A half hour later, a woman walked down the sidewalk. She appeared to be in her early thirties, with long chestnut-colored hair, a prominent nose, high cheekbones, and dark eyes. She wore a gray business suit, a shirt-jacket-and-slacks arrangement that did not conceal her long-legged, thoroughbred build.

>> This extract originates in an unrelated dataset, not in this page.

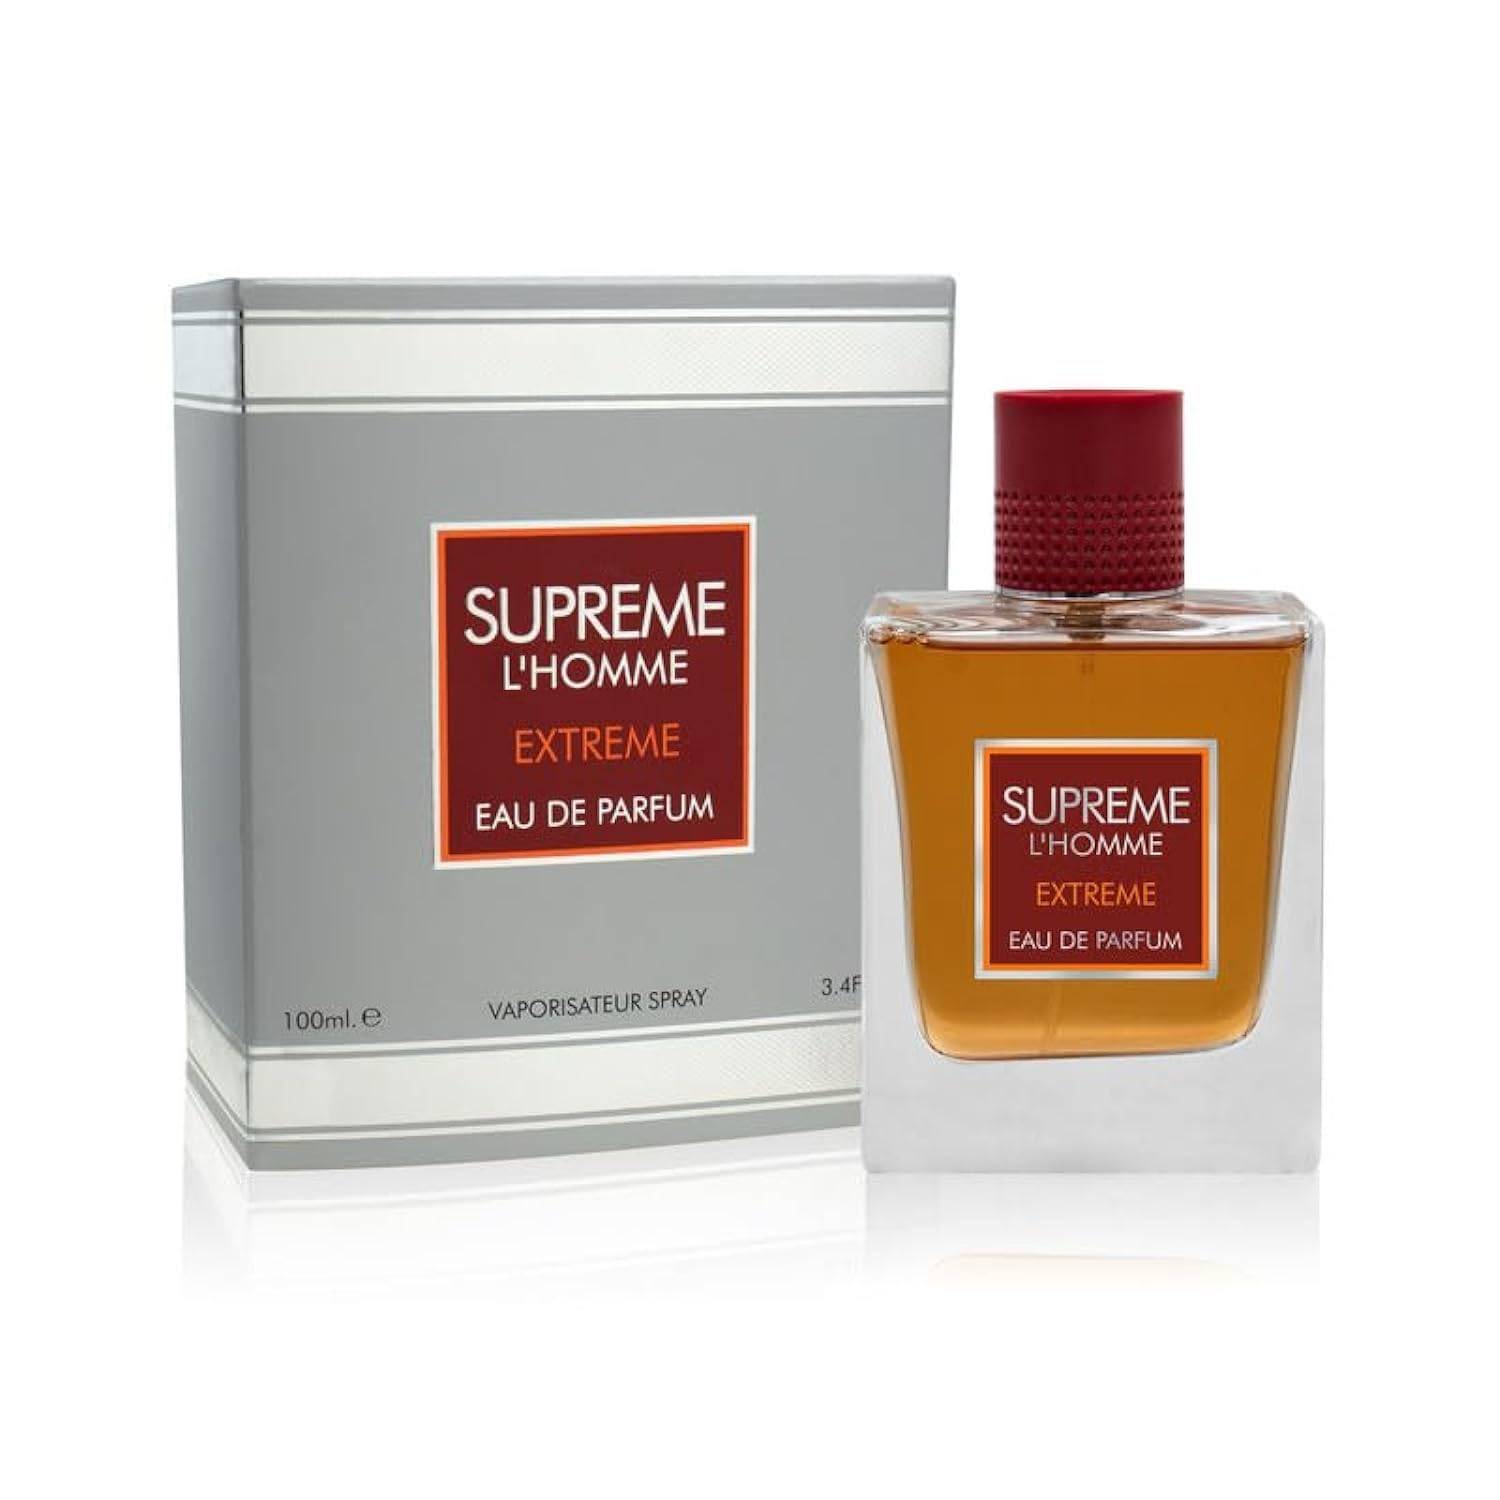 Guerlain L'homme Ideal Extreme Eau de Parfum: Buy Guerlain L'homme

She carried a briefcase and walked with good posture and confidence.

Lucas got out of his Jeep as she hit the steps leading to the house with the lime green trim. He jogged across the street and said, “Lisa Weitzman?”

She stopped and turned, cool and unafraid. “Yes?”

“Spero Lucas,” he said. “I’m an investigator.”

NINE

He sat on her porch, on a folding metal chair that was one of two situated around a small round metal table. Lucas had asked for ten minutes of her time. She had agreed and told him to wait outside. She went into her home and when she returned she had removed her jacket. Her white button-down shirt was fitted and served her well. She took a seat in the second chair. Dusk had come to the street.